Just over a year ago, researchers at the New England Medical Center in Boston presented new data on an old cell type, pregnancy associated progenitor cells (PAPCs), which might help explain the deus ex machina mode of recovery in your patient. 1 As far back as 1979, 2 it was shown that women who give birth to sons retain some of their sons' fetal cells-for example, PAPCs, which can in turn give rise to multiple cell types along the haematopoietic stem cell (HSC) pathway of differentiation. i
i Presumably this effect occurs in women who give birth to daughters as well, but because Herzenberg et al were screening for a y chromosome, these daughters' fetal cells could not be detected at the time. 3, 4
After all, the reasoning goes, the placental/blood barrier is not a perfectly selective portal, and some fetal blood and cells will cross into maternal circulation.
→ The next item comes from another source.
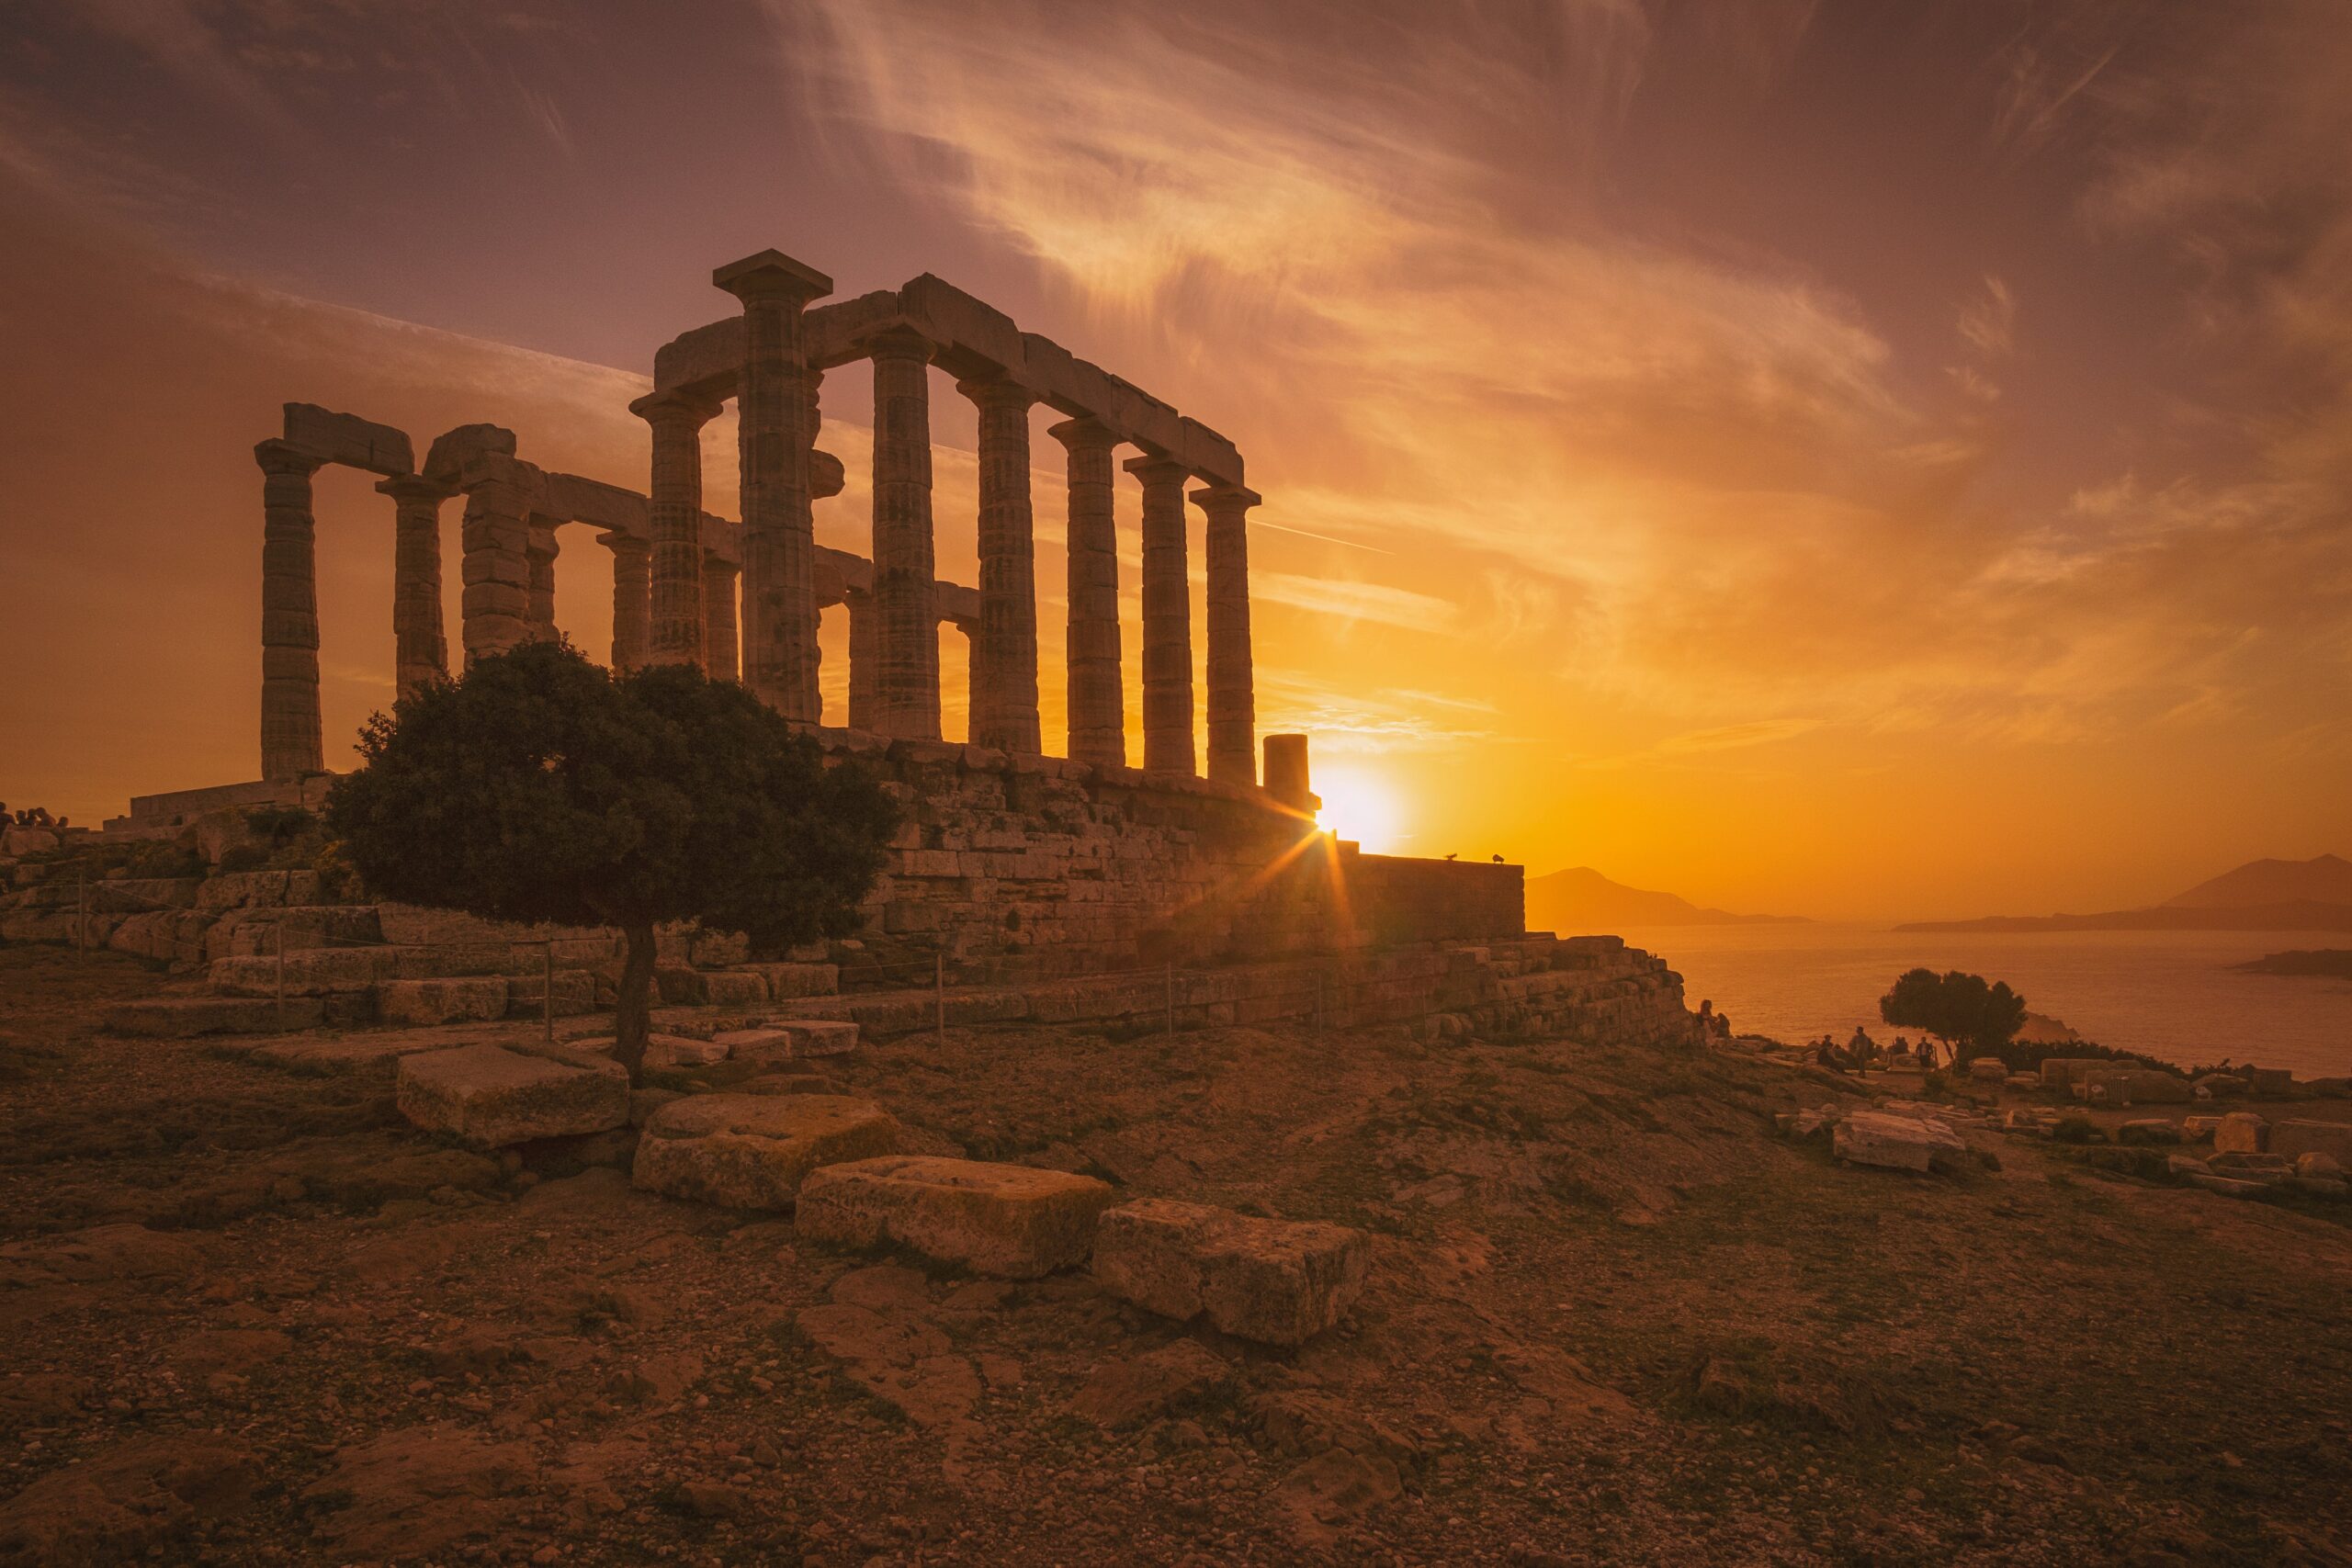 See The Sun Set Over The Temple Of Poseidon On Our 10 Day Athens, Santorini & Mykonos Package Tour

What is surprising, however, is the ubiquity and persistence of these fetal stem cells; they can be found in maternal circulation up to 27 years after the baby is born. 5 Additionally, these fetal stem cells were found to localise to diseased organs and repopulate them. For example, in one woman with a thyroid adenoma, biopsy revealed two populations of cells: her germline, cancerous thyroid cells were surrounded by healthy thyroid cells derived from her son's fetus. Even more strikingly, one woman with liver disease had significant repopulation of her liver with healthy fetal derived hepatocytes, the first indication of functional non-haematopoietic stem cell derived PAPCs. 1
Similarly, the liver recovery of our patient might involve some sort of natural defence mechanism whereby PAPCs patrol a mother's body and look for damaged tissues to repopulate. The principal researchers of the Boston study concluded that:
Whatever the mechanism involved, we believe that the idea of fetal...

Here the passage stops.